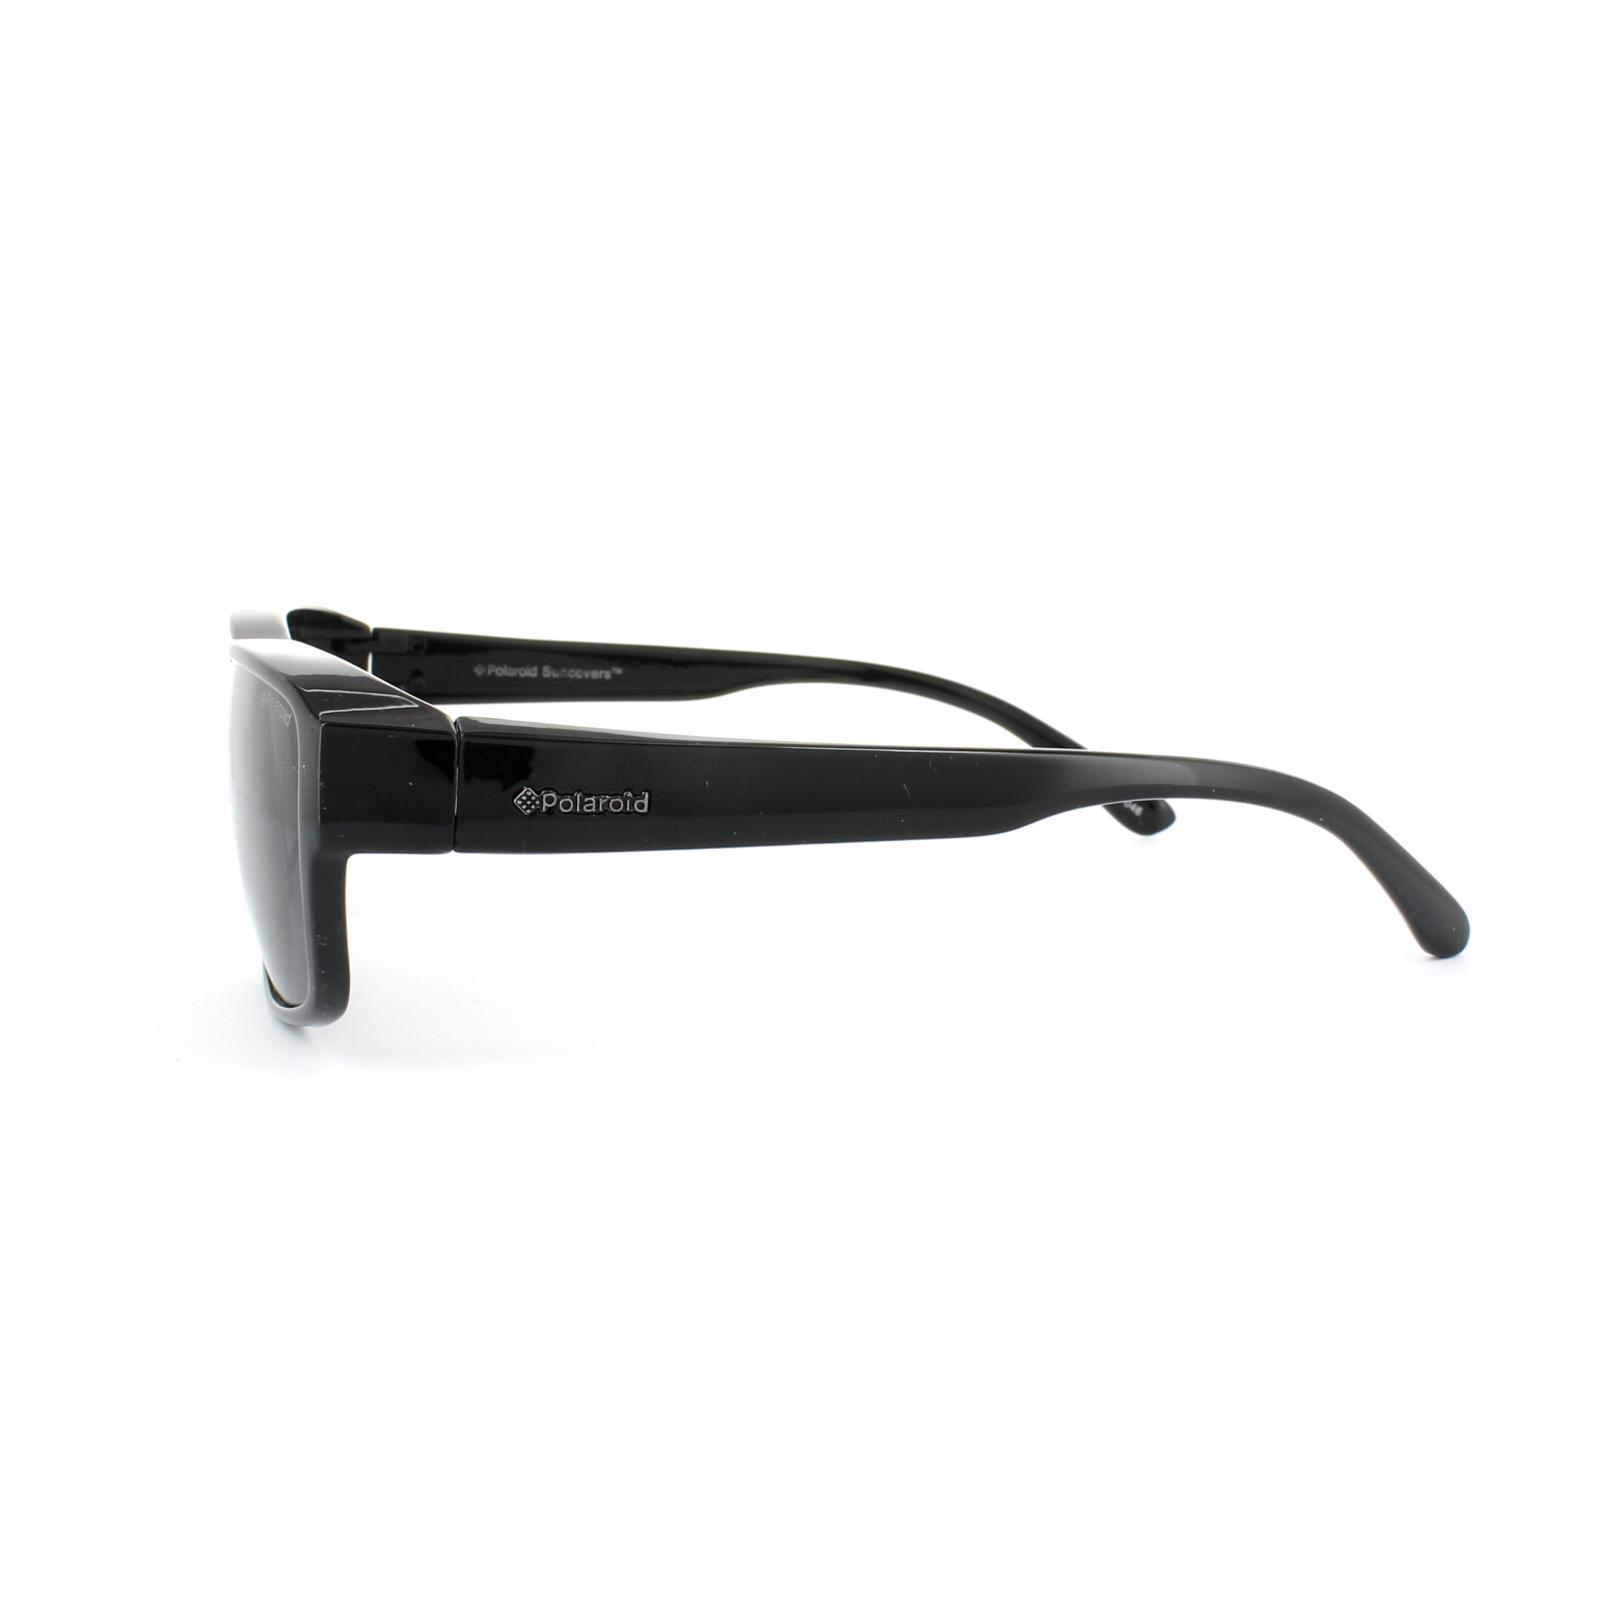 8886d9ebe76 Sentinel Polaroid Suncovers Fitover Sunglasses P8406 KIH Y2 Black Grey  Polarized
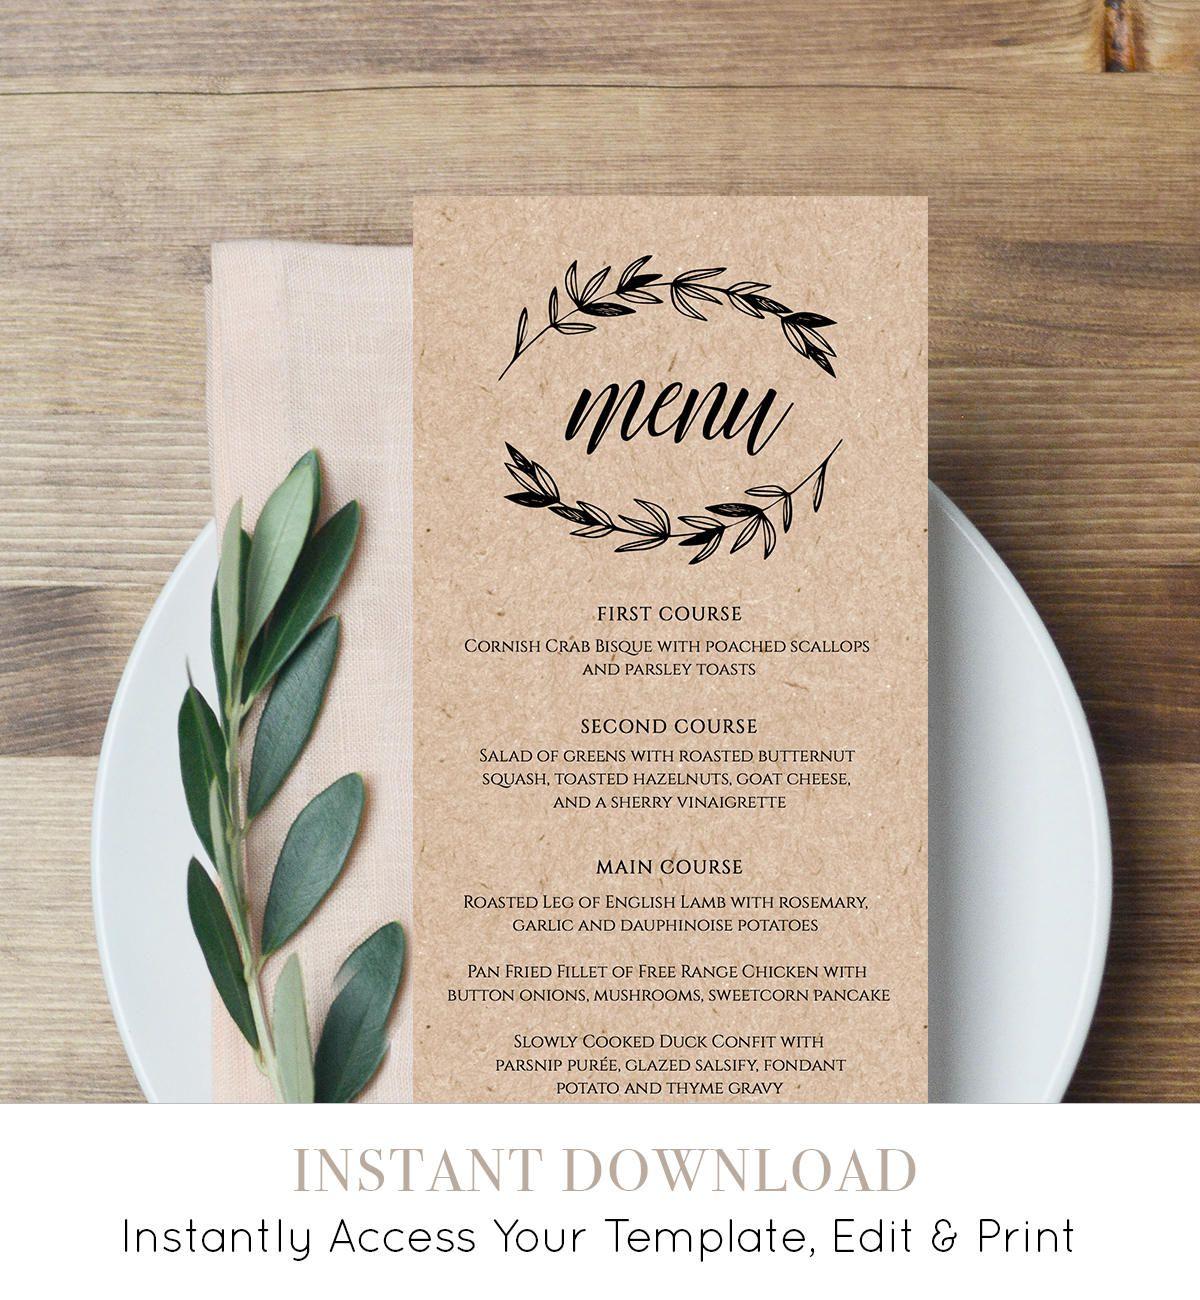 006 Unusual Free Printable Wedding Menu Card Template Design  TemplatesFull
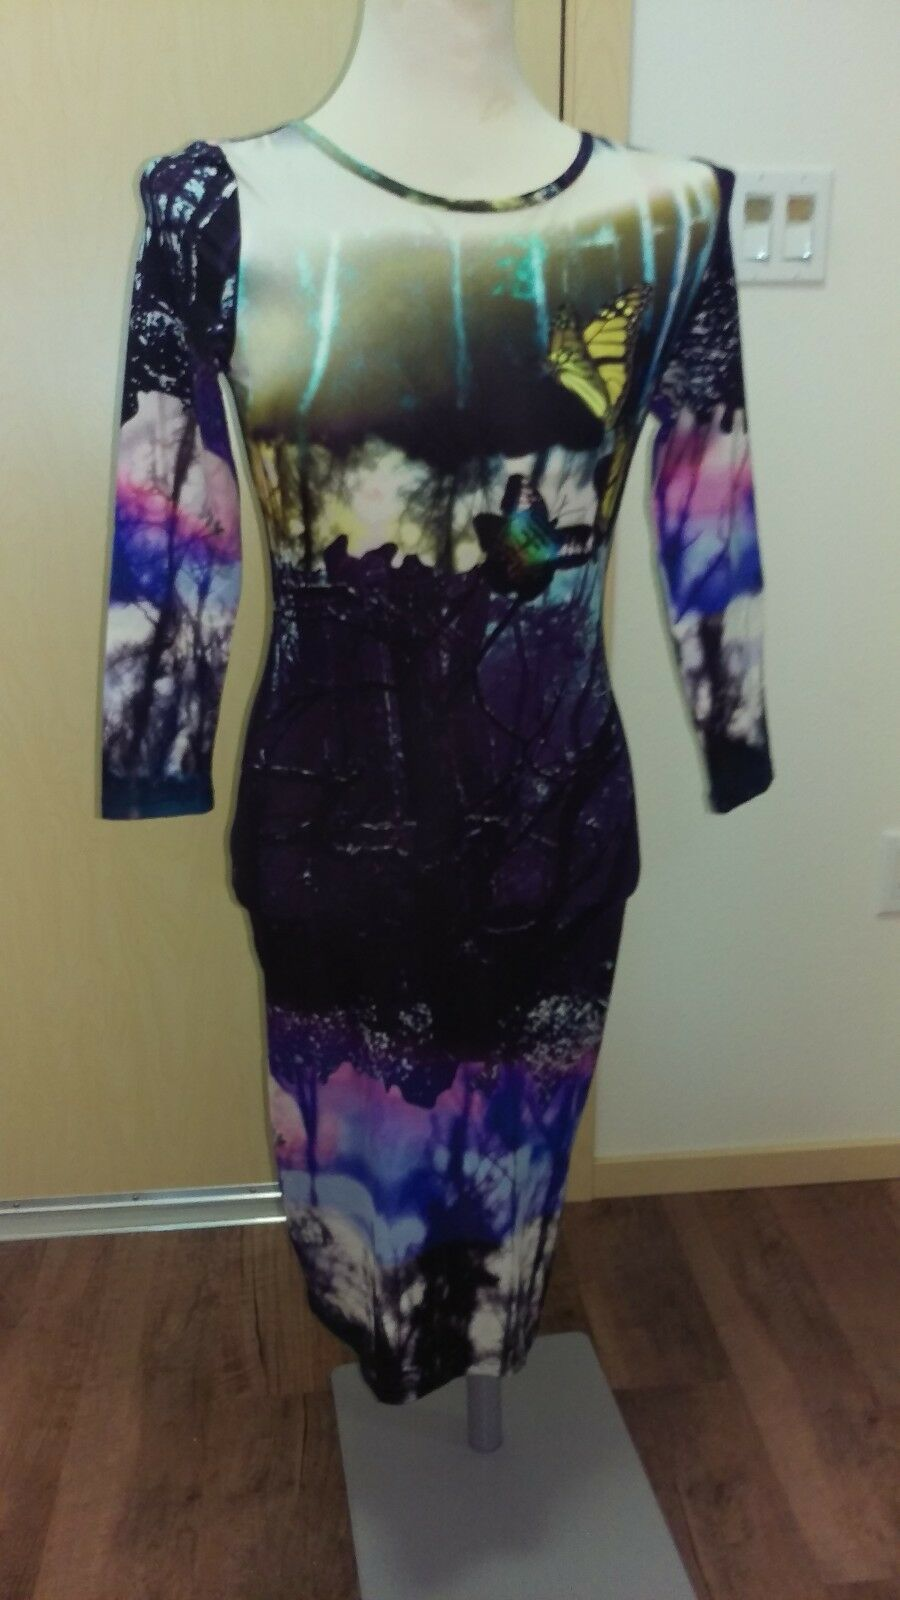 NEW TOPSHOP Bodycon Long Sleeve Butterfly Print Sheath Dress US 4
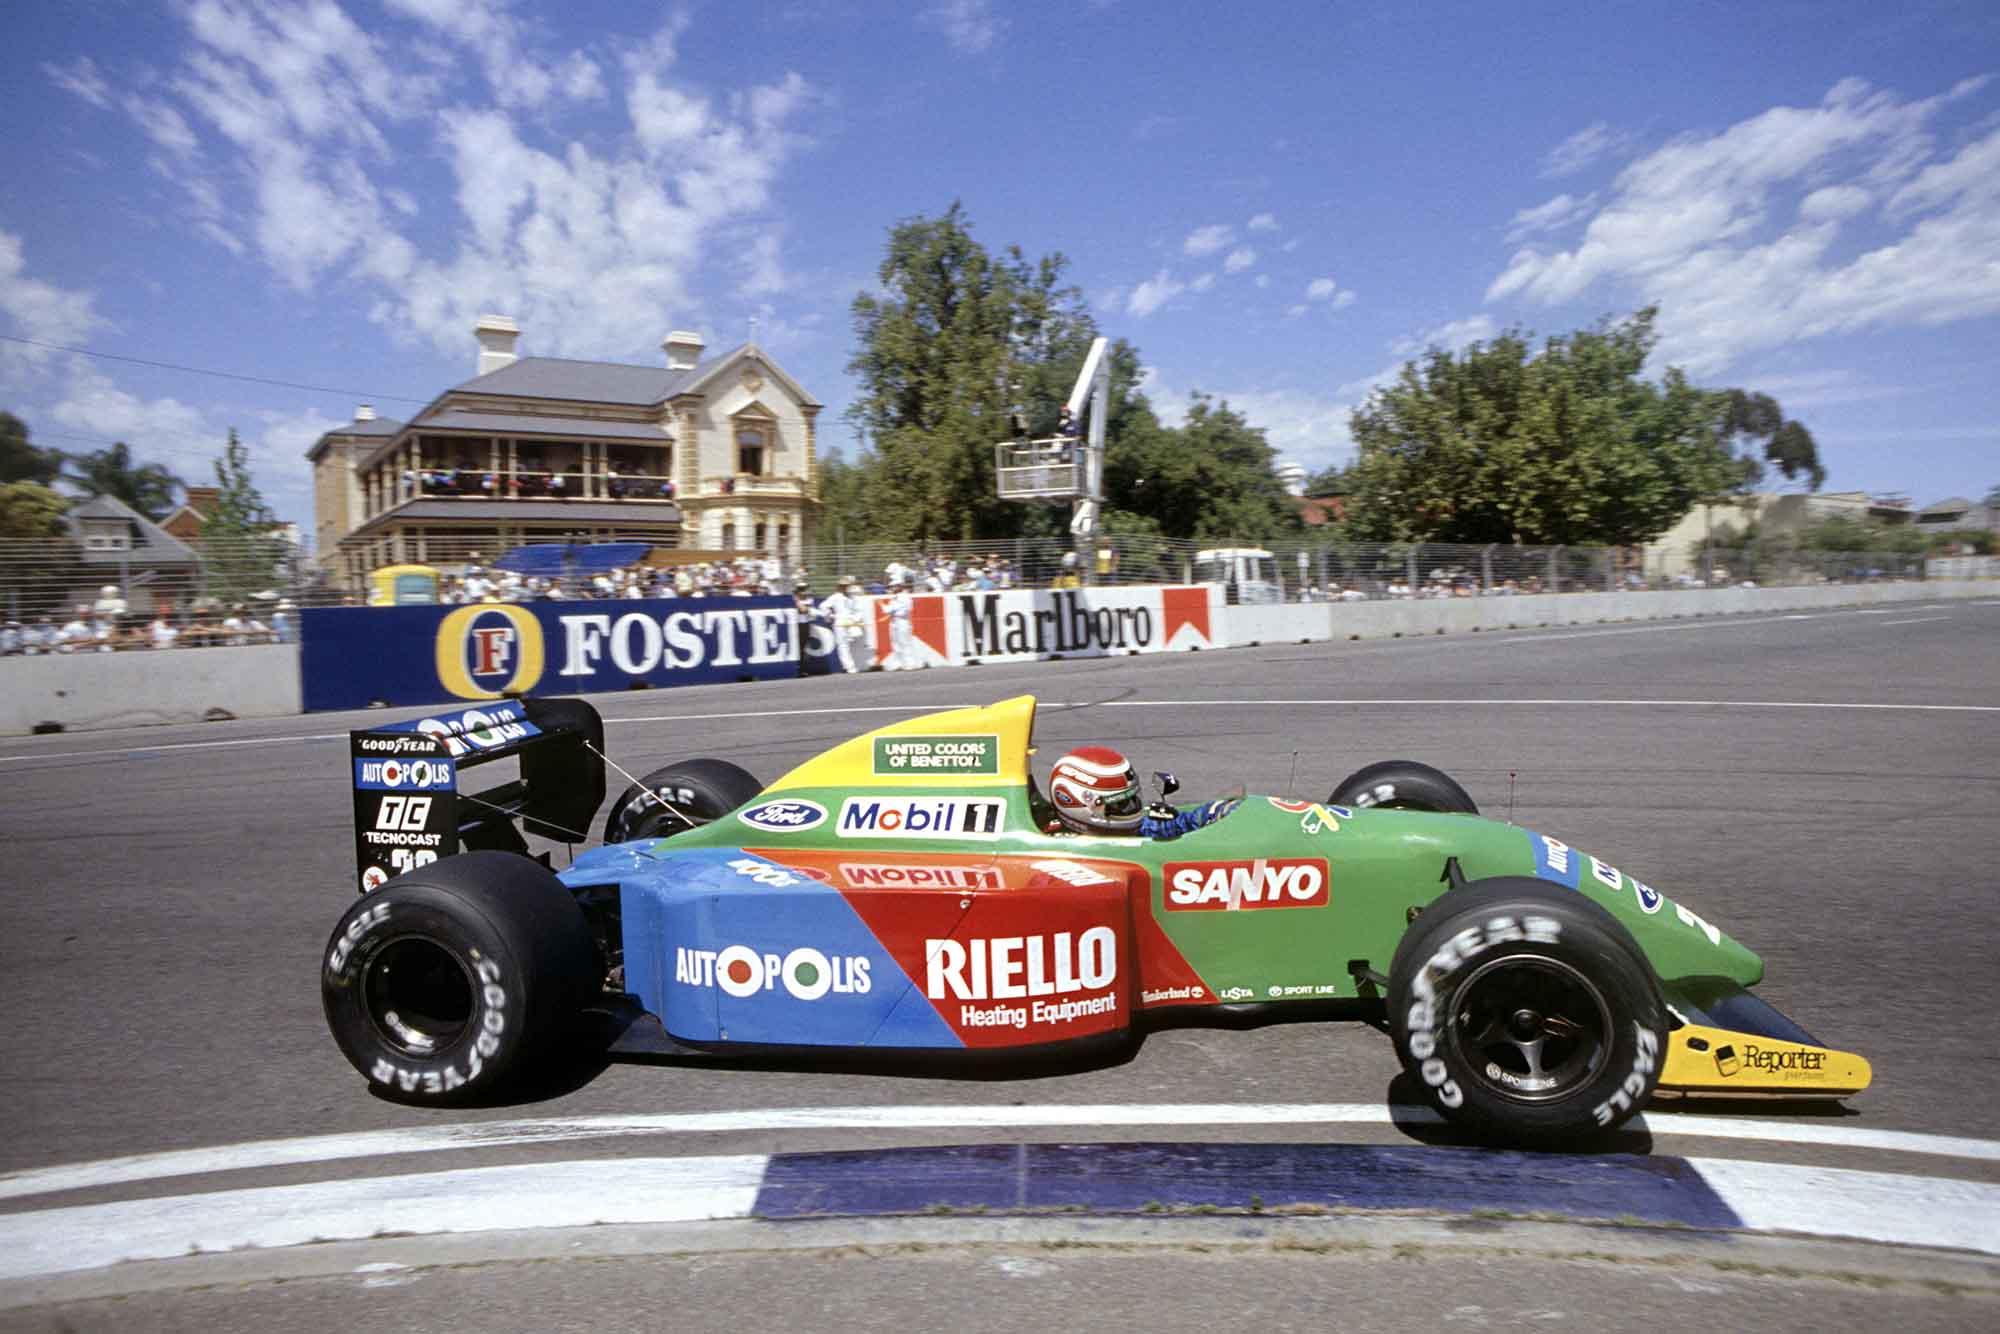 Nelson Piquet wins the 1990 Australian Grand Prix for Benetton-Ford
───
### How to complete this task
Every line from the one containing "NEW TOPSHOP Bodycon" through the last line of the listing must be written out again exactly, and no other line. Leave the pictures aside.

### Response below
 NEW TOPSHOP Bodycon Long Sleeve Butterfly Print Sheath Dress US 4
 Nelson Piquet wins the 1990 Australian Grand Prix for Benetton-Ford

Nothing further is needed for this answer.